In my judgment, we should follow the case of Groves v. John Wunder Company, 205 Minn. 163, 286 N.W. 235, 123 A.L.R. 502, which defendant agrees “that the fact situation is apparently similar to the one in the case at bar”, and where the Supreme Court of Minnesota held:
“The owner’s or employer’s damages for such a breach (i. e. breach hypothesized in 2d syllabus) are to be measured, not in respect to the value of the land to be improved, but by the reasonable cost of doing that which the contractor promised to do and which he left undone.” .
The hypothesized breach' referred to states that where the contractor’s breach of a contract is wilful, that is, in bad faith, he is not entitled to any benefit of the equitable doctrine of substantial performance.
In the instant action defendant has made no attempt to even substantially perform. The contract in question is not immoral, is not tainted with fraud, and was not entered into through mistake or accident and is not contrary to public policy. It is clear and unambiguous and the parties understood the terms thereof, and the approximate cost of fulfilling the obligations could have been approximately ascertained. There are no conditions existing now which could not have been reasonably anticipated when the contract was negotiated and executed. The defendant could have performed the contract if it desired. It has accepted and reaped the benefits of its contract and now urges that plaintiffs’ benefits under the contract be denied. If plaintiffs’ benefits are denied, such benefits would inure to the direct benefit of the defendant.
Therefore, in my opinion, the plaintiffs were entitled to specific performance of the contract and since defendant has failed to perform, the proper measure of damages should be the cost of performance.

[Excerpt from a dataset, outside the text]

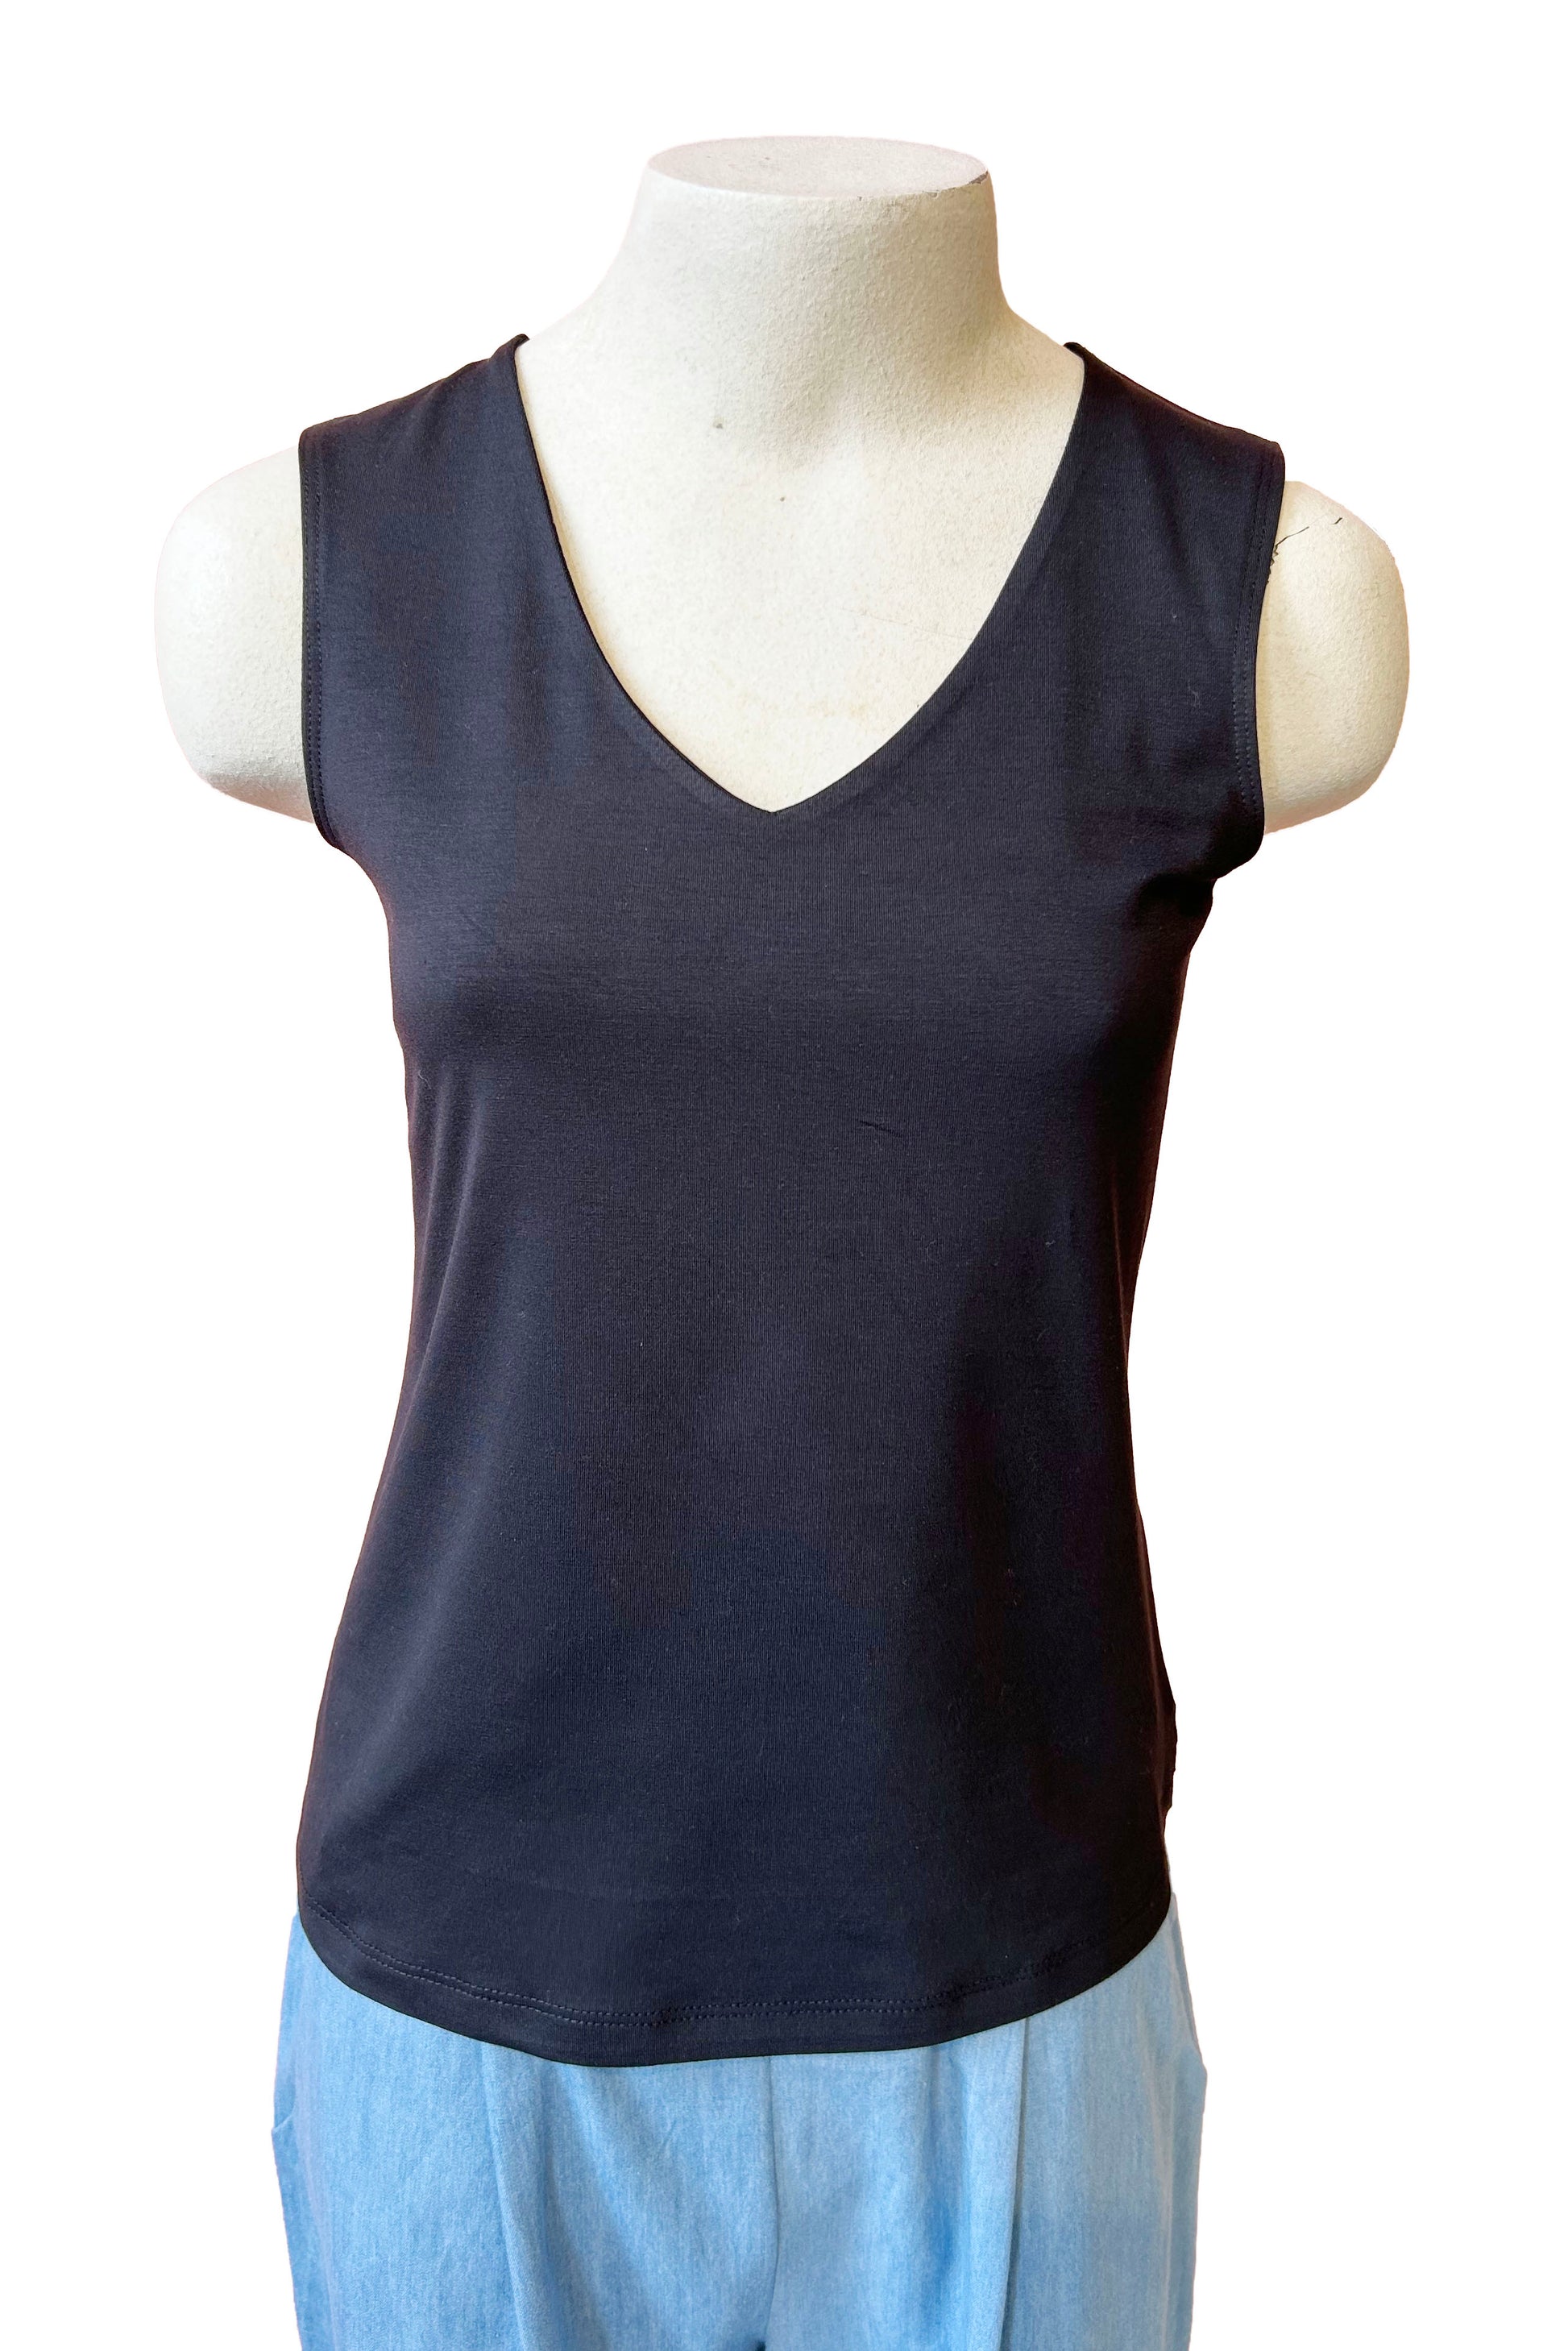 Enjoy Cami by Luc Fontaine, Black, wide straps, V-neck, front has a double layer of fabric, slightly relaxed fit, sizes 4-16, made in Montreal

Any other measure of damage would be holding for naught the express provisions of the contract; would be taking from the plaintiffs the benefits of the contract and placing those benefits in defendant which has failed to perform its obligations; would be granting benefits to defendant without a resulting obligation; and would be completely rescinding the solemn obligation of the contract for the benefit of the defendant to the detriment of the plaintiffs by making an entirely new contract for the parties.
I therefore respectfully dissent to the opinion promulgated by a majority of my associates.